Когда греки поняли, что никакой перспективы проживания в э...Нске у них нет, они принялись настойчиво добиваться, чтобы их общине была предоставлена отдельная территория для обоснования своего села. И тогда Властов, ставший к тому времени губернатором, принял воистину Соломоново решение. Он предложил грекам отсчитать от условного центра села восемь вёрст в юго-восточном направлении и приступить там к строительству нового села, что они и сделали, правда, в обмен на одно условие – все они безоговорочно примут российское подданство.

– Отдельно, Николай Герасимович, – сказал, обращаясь ко мне Николай Иванович, – хотелось бы остановиться вот на каком вопросе. Если посмотреть на карту Ставропольской губернии, то не трудно представить маршрут передвижения Твалчрелидзе из Ставрополя в с. Александровское, потому можно утверждать со стопроцентной гарантией, что он побывал прежде в э...Нске, а потом уже попал в село Греческое. Что он мог увидеть по прибытию в строящееся греческое село. Во-первых, оно располагалось гораздо компактнее, нежели э...Нское. Во вторых, там строительство сельской церкви уже подходило к концу (часть средств для этого было собрано греками в качестве пожертвования, а деньги у них, в отличии от мужиков и хохлов, водились, часть выделила губерния). Но самое интересное, что было приятно Твалчрелидзе, как инспектору учебных заведений – а это надо признать безоговорочно, – в то время, как с наступлением весенне-полевых работ э...Нская церковно-приходская школа практически пустела, греческие дети и девочки в том числе обучались круглый год, с перерывом на каникулы.
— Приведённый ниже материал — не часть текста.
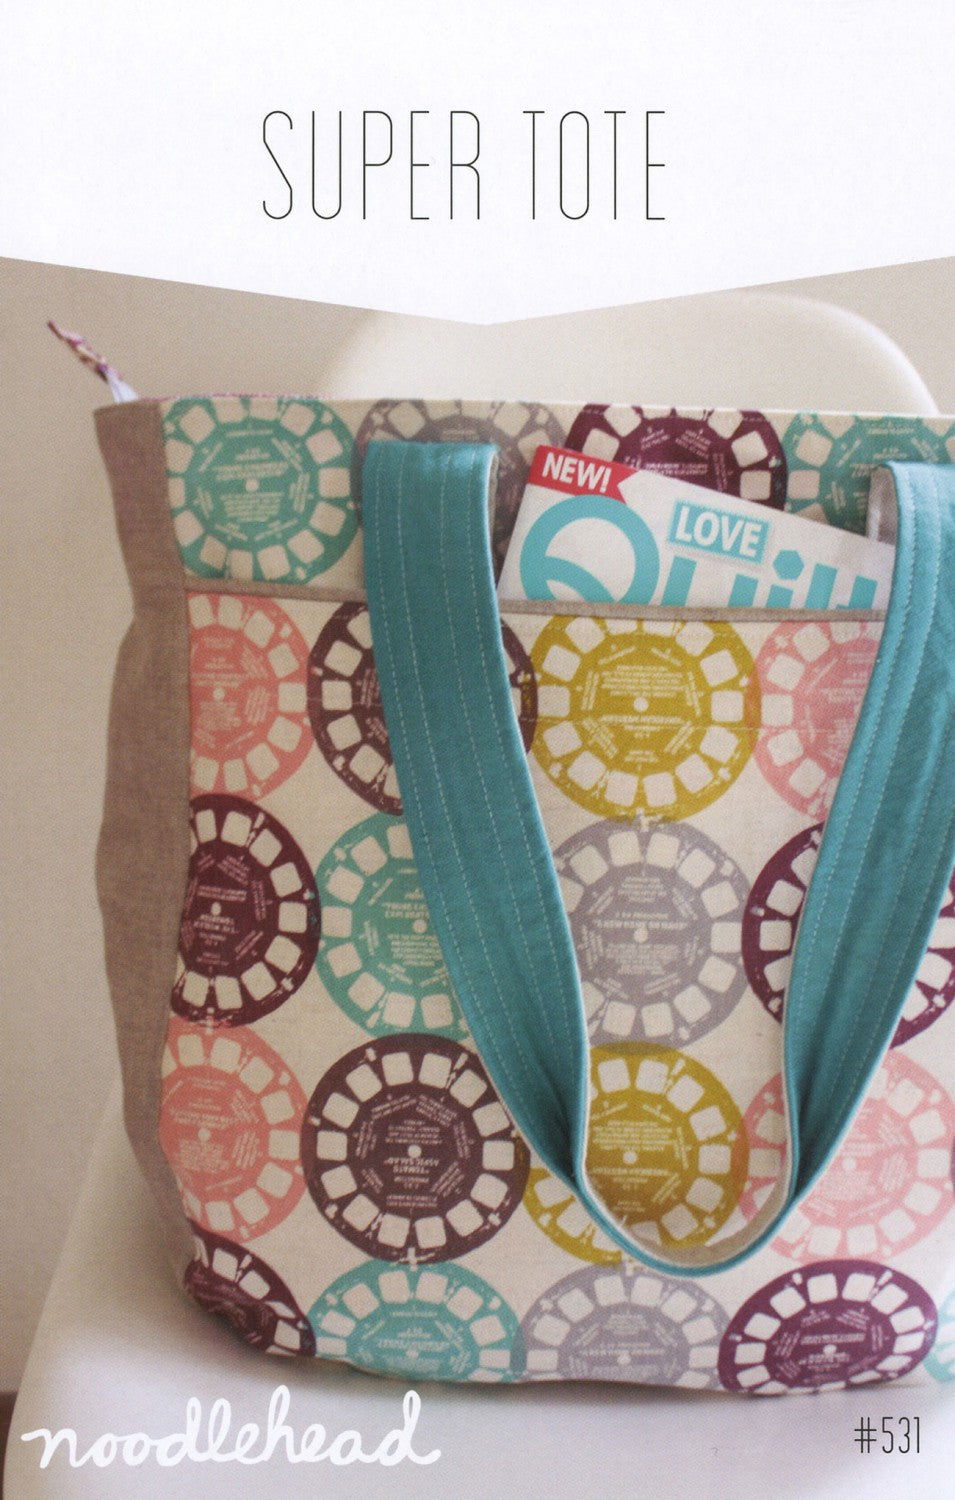 Super Tote by Anna Graham of Noodlehead - PAPER Pattern

Приехавший чиновник общался и со старейшинами общины и непосредственно с самим населением, потому можно предположить, – не всё, что ему рассказывали греки о прошлой жизни в э...Нском, соответствовало действительности, и именно поэтому позднее данное обстоятельство нашло свое искажённое изложение, если не сказать точнее – неверное толкование, в его книге...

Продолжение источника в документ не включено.